Finite rank approximation and semidiscreteness for linear operators

Merdy, Christian Le

doi:10.5802/aif.1741

Merdy, Christian Le

Annales de l'Institut Fourier, Tome 49 (1999) no. 6, pp. 1869-1901.

Résumé
Abstract

Étant donnée une application complètement bornée $u : Z \to M$ d’un espace d’opérateurs $Z$ dans une algèbre de von Neumann (ou simplement une algèbre duale unifère) $M$ , on dit que $u$ est $C$ -semi-discrète si pour toute algèbre d’opérateurs $A$ , le produit tensoriel d’opérateurs $I_{A} \otimes u$ est borné de $A \otimes_{\min} Z$ dans $A \otimes_{nor} M$ , avec une norme inférieure ou égale à $C$ . Nous étudions cette propriété et la caractérisons notamment par des propriétés d’approximation appropriées, qui généralisent la caractérisation des algèbres de von Neumann semi-discrètes due à Choi-Effros.

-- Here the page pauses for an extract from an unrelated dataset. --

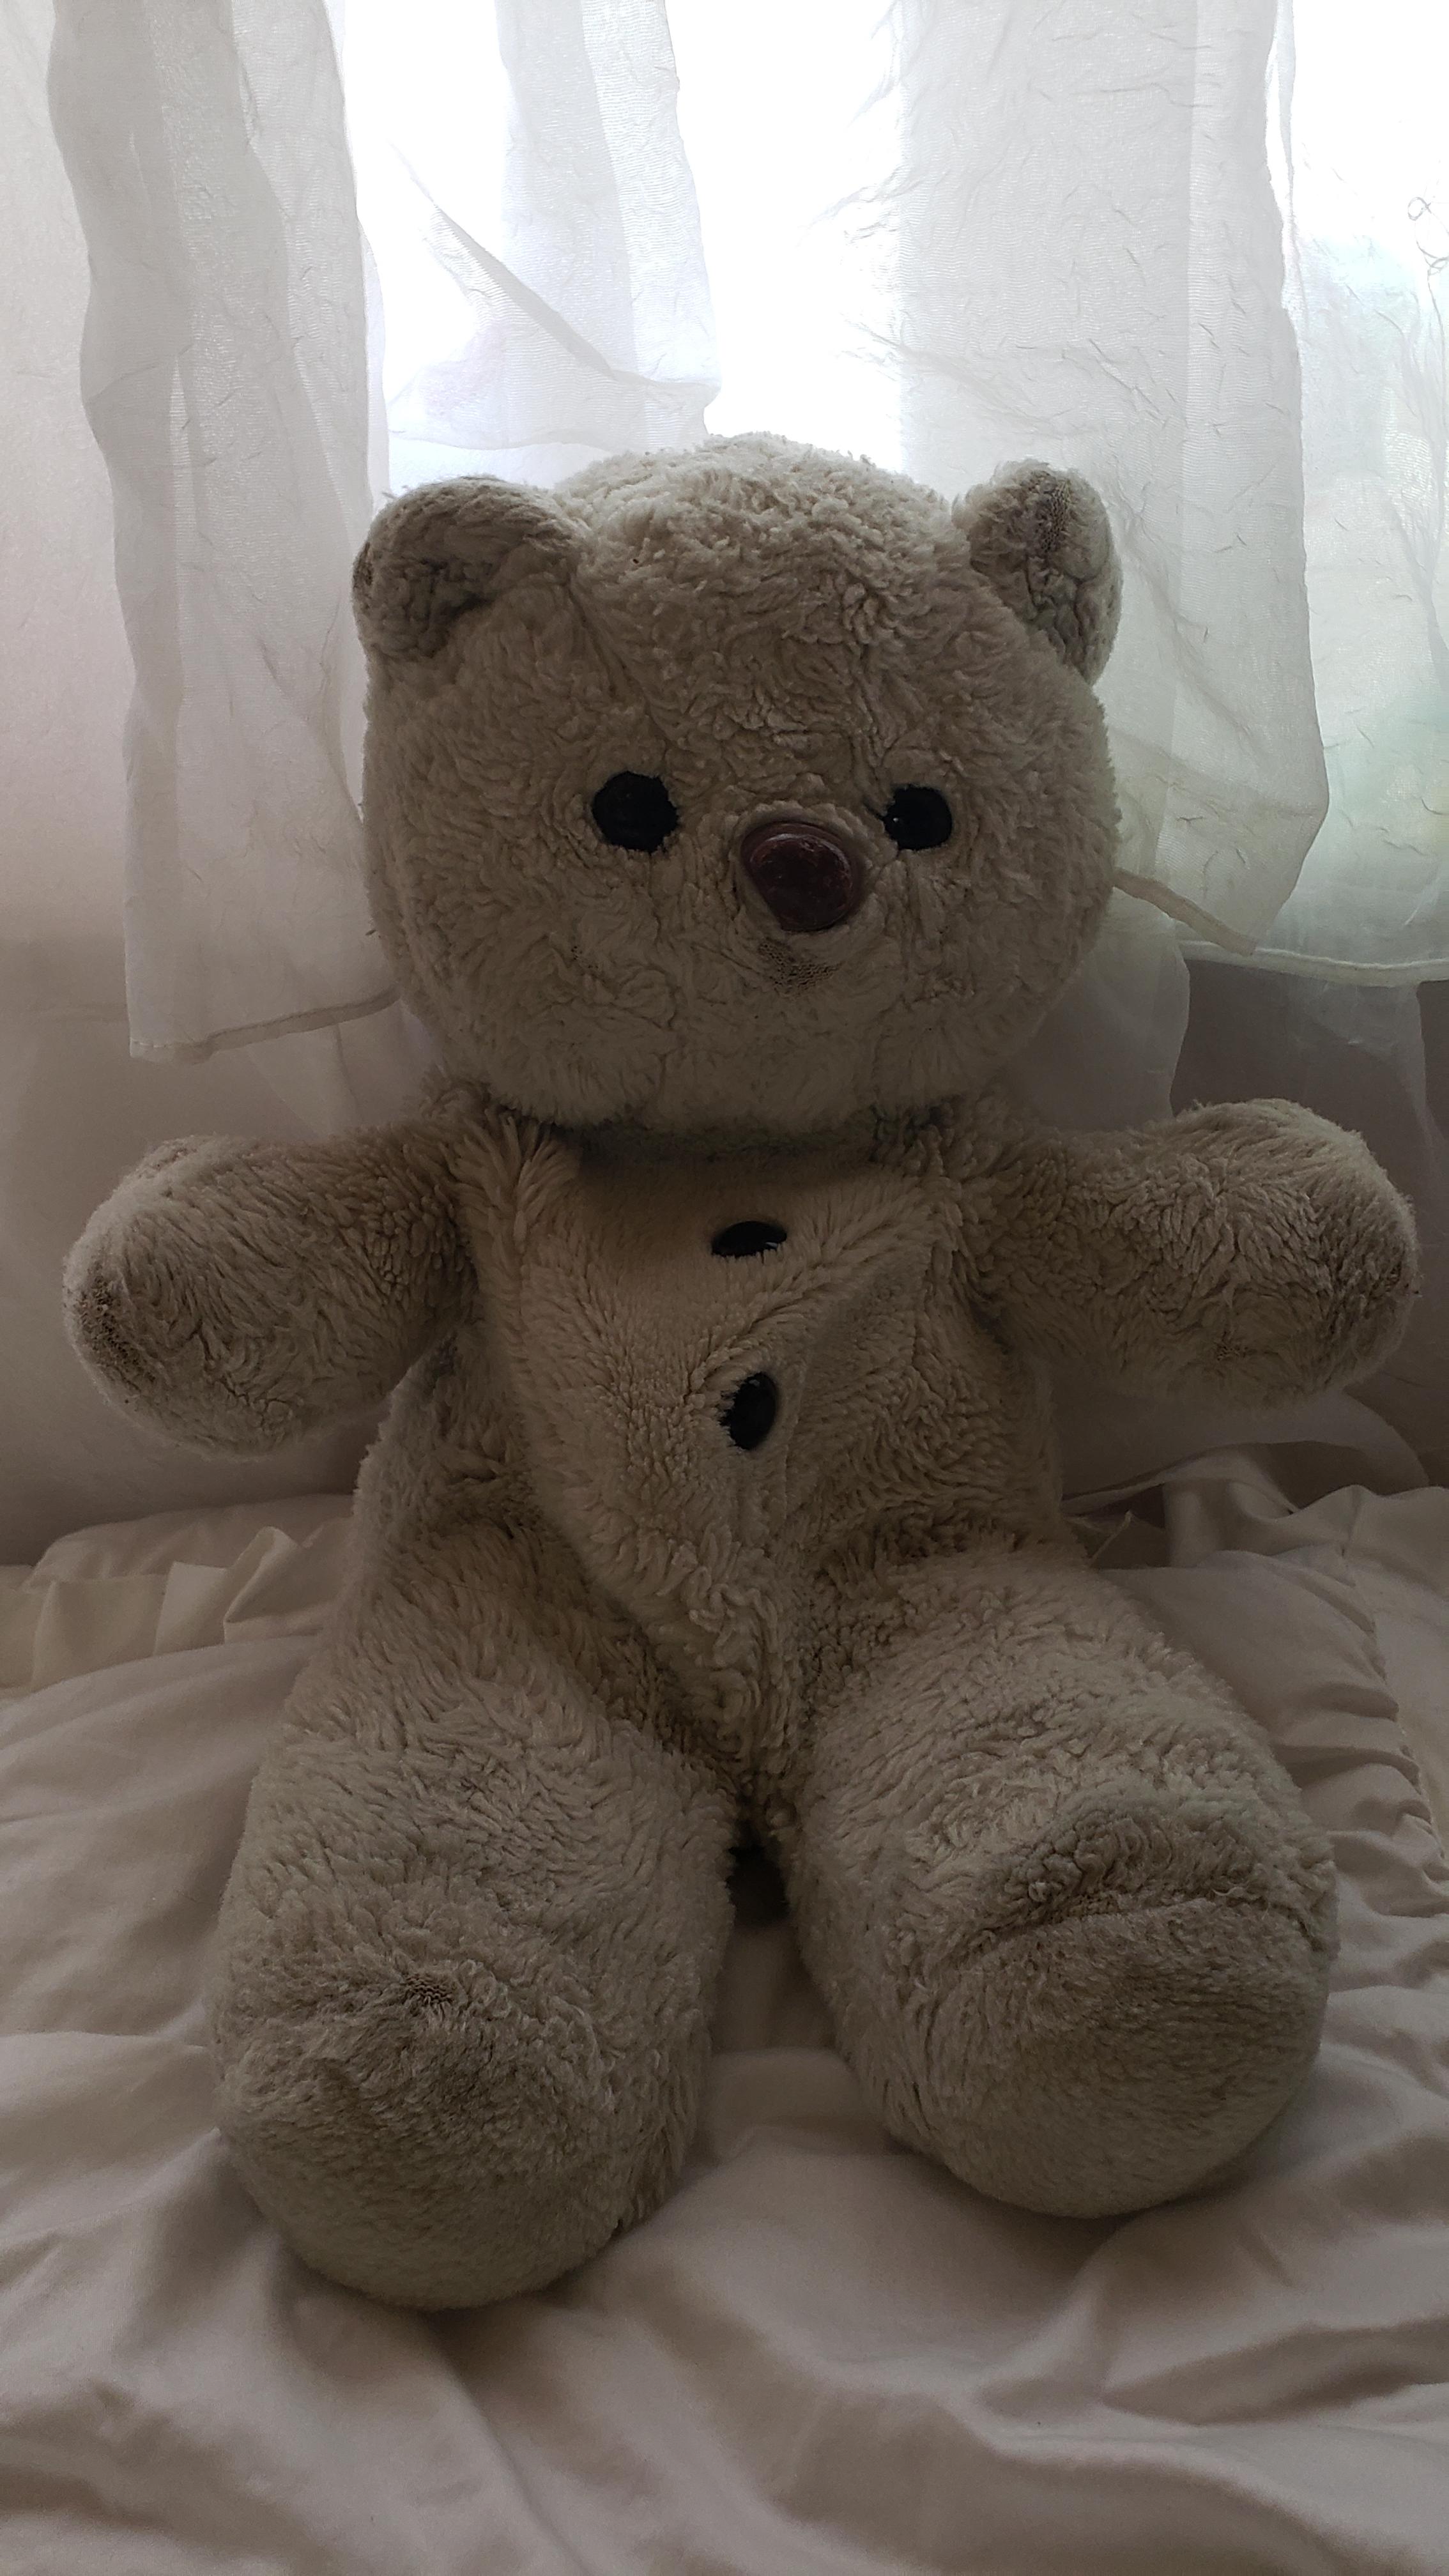 Teddy Bear Brand, Name? | Scrolller

Notre travail est une extension de travaux récents de Pisier sur une notion comparable de $C^{*}$ -nucléarité pour les applications linéaires. Ayant à l’esprit l’équivalence “ $B$ est nucléaire $\Leftrightarrow B^{* *}$ est semi-discrète” valable pour une $C^{*}$ -algèbre $B$ , nous étudions les relations qui existent entre la nucléarité d’une application linéaire et le caractère semi-discret de son biadjoint. Enfin nous obtenons, grâce à certaines de nos techniques, de nouvelles propriétés de la norme de Haagerup pour les opérateurs décomposables entre $C^{*}$ -algèbres.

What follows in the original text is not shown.